SAN JOSE — A San Jose hotel has flopped into a default due to a delinquent loan, a financial setback that serves as a new reminder of the lingering ailments for the region’s hospitality sector.
The owner of the La Quinta Inn & Suites hotel in north San Jose has defaulted on a $16 million loan, documents filed on May 21 with the Santa Clara County Recorder’s Office show.
The default is a fresh example of the mortgage defaults, fading values and foreclosures that plague the Bay Area hotel market, more than six years after the onset of the COVID-19 pandemic that upended the worldwide travel and hospitality sectors.
The 59-room hotel that’s in default is located at 1036 North Fourth St. in San Jose. The delinquency means the hotel faces foreclosure if its owner can’t repay the lender in full.
Central Valley Community Bank provided the hotel’s owner with the now-delinquent construction loan in 2019, according to the county real estate records.
Los Gatos-based Milanben Patel and Anil Patel are listed as the principal managers of the business entity that owns the hotel.

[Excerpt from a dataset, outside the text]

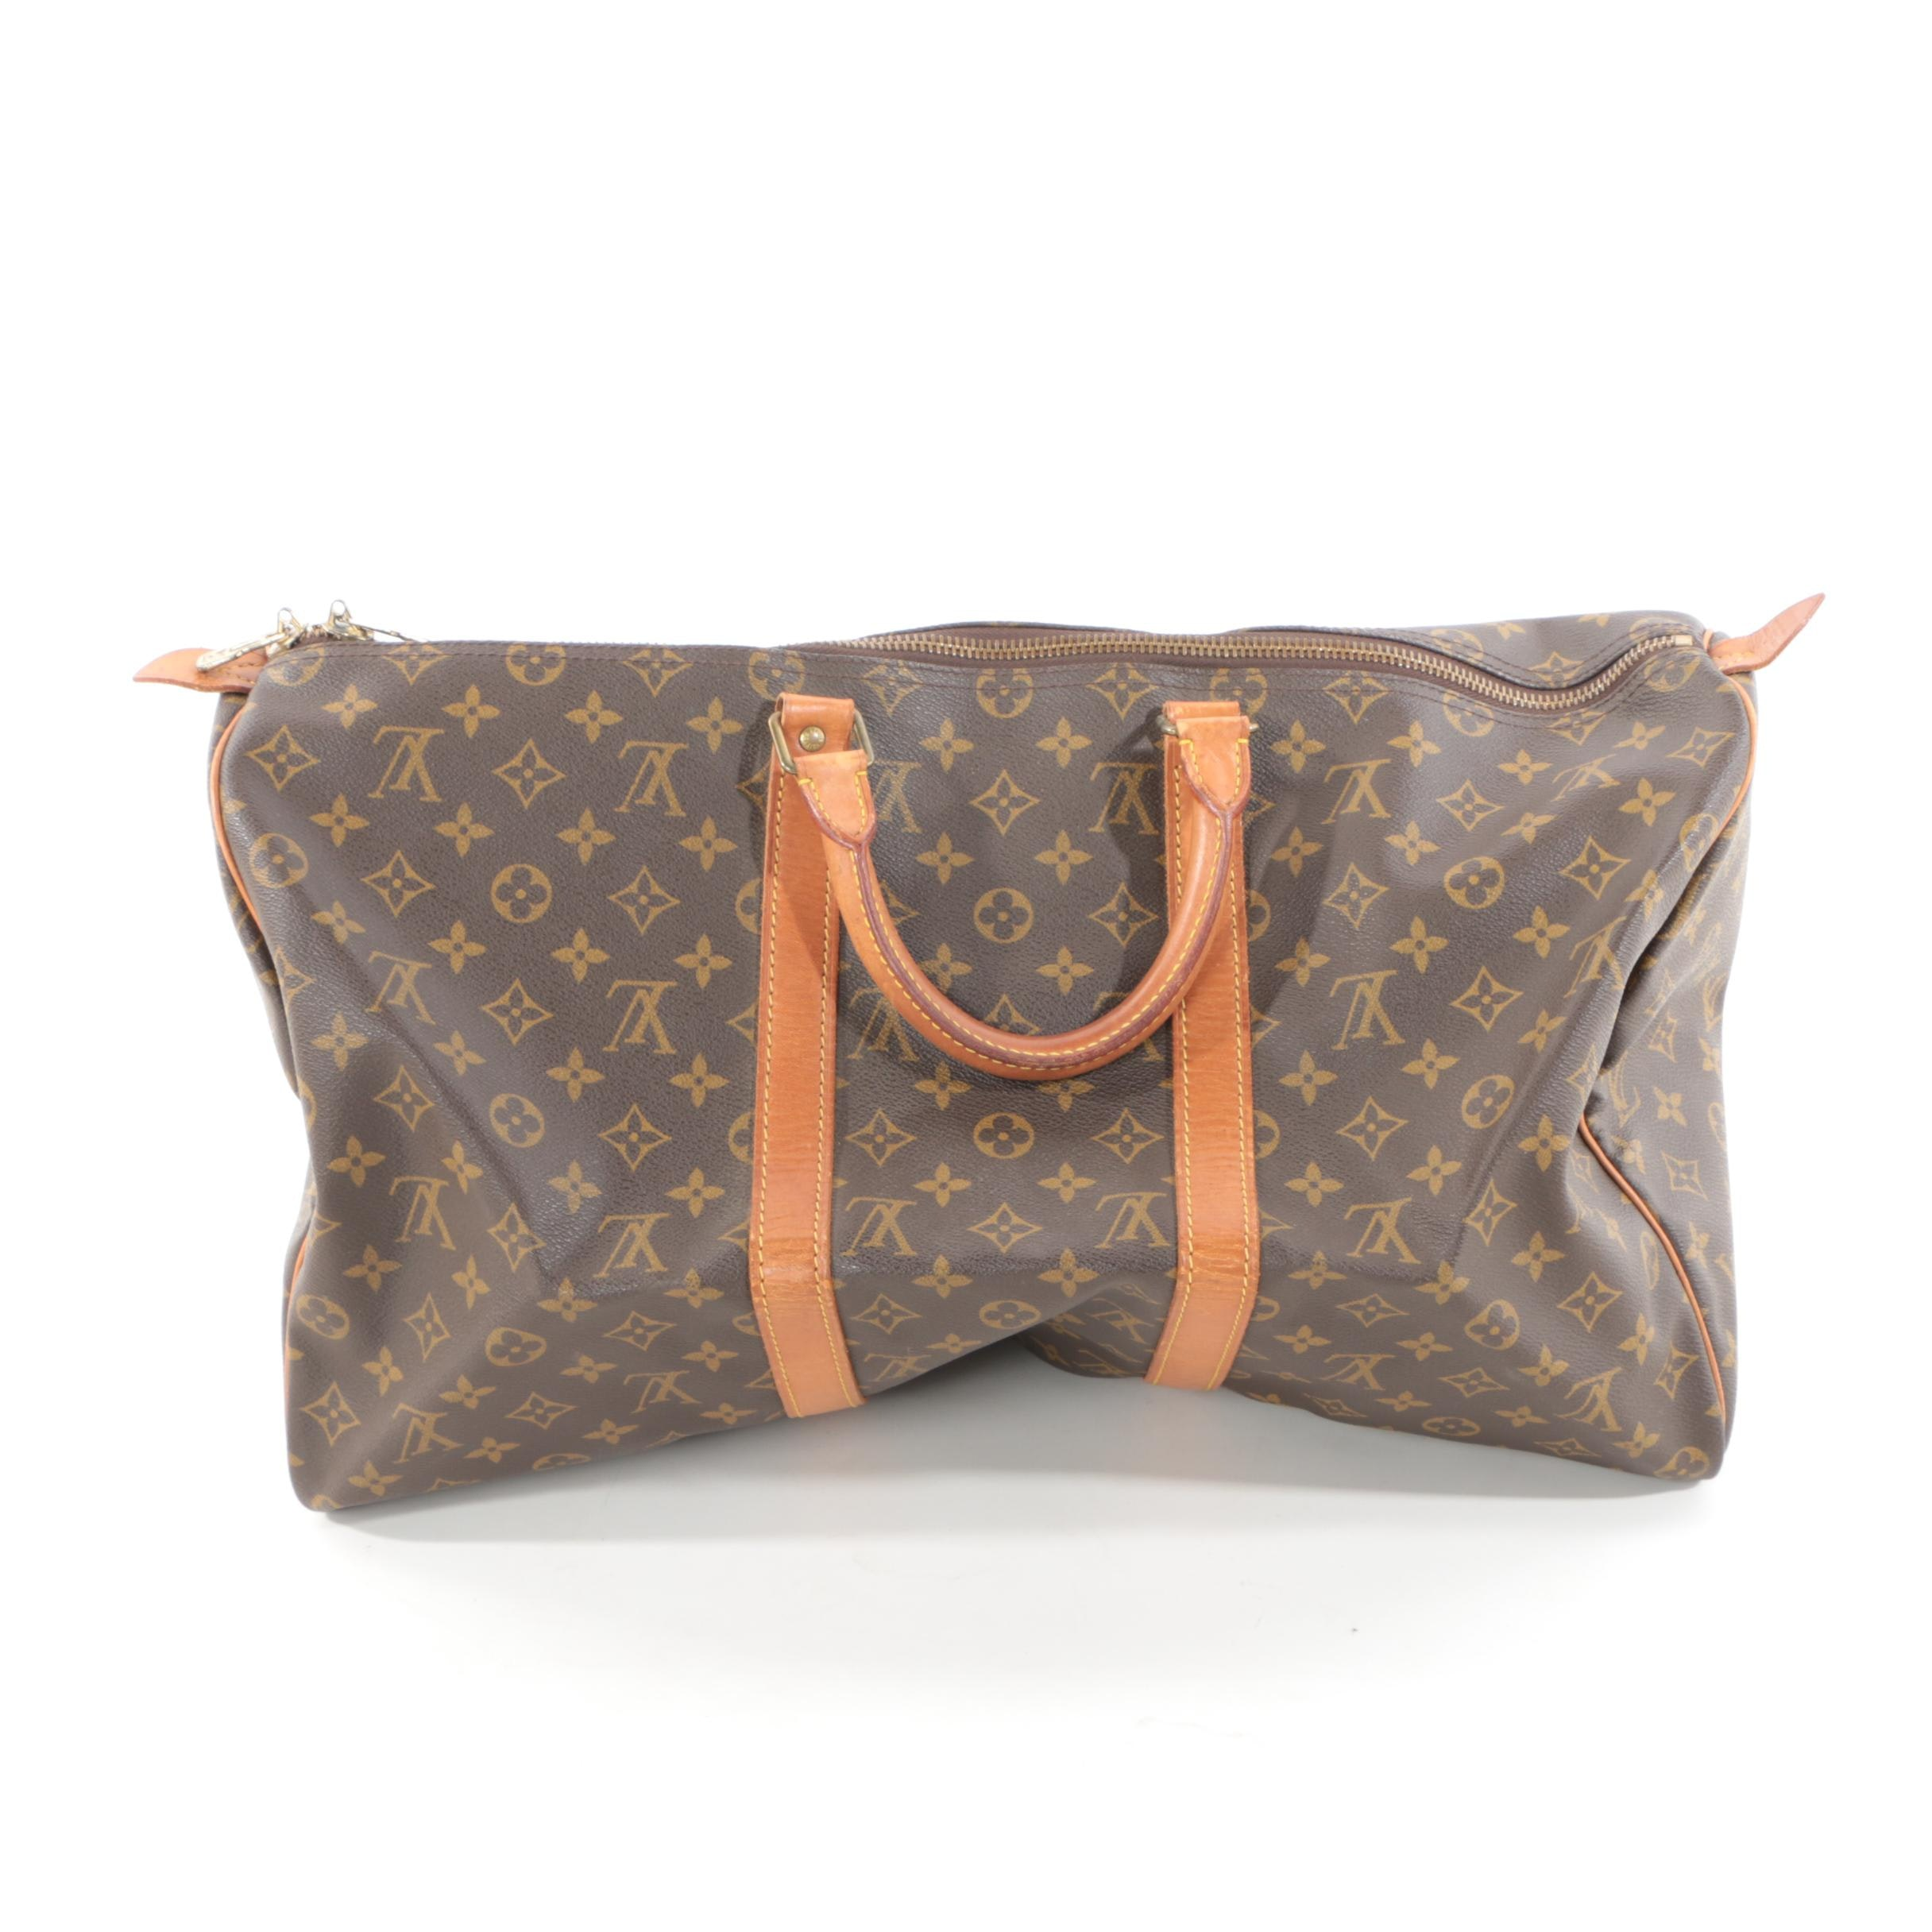 1987 Louis Vuitton of Paris Monogram Canvas 50 Keepall Duffle Bag

The hotel was completed in 2023, city permit documents filed with the Recorder’s Office show.
The lodging industry’s distress has jolted hotels throughout the Bay Area in recent years, causing ailments that have afflicted hotels of nearly every size in the region.
In 2025, foreclosures engulfed high-profile hotels in downtown Oakland, including the 500-room Oakland Marriott City Center hotel and a 276-room dual-branded hotel in the trendy Uptown district.
San Jose’s largest hotel, the 541-room Signia by Hilton in the city’s downtown district, was seized by its lender in 2025.
The current wave of woes for Bay Area hotels began in 2023 with the foreclosure of the Huntington Hotel atop Nob Hill in San Francisco at a $29.3 million price tag, which was a fraction of the hotel’s $86.7 million assessed value.
Two of San Francisco’s largest hotels, the Hilton San Francisco Union Square and Parc 55, were foreclosed and then sold by a court-appointed receiver for $408 million, a 75% nosedive in the value of the two lodging towers.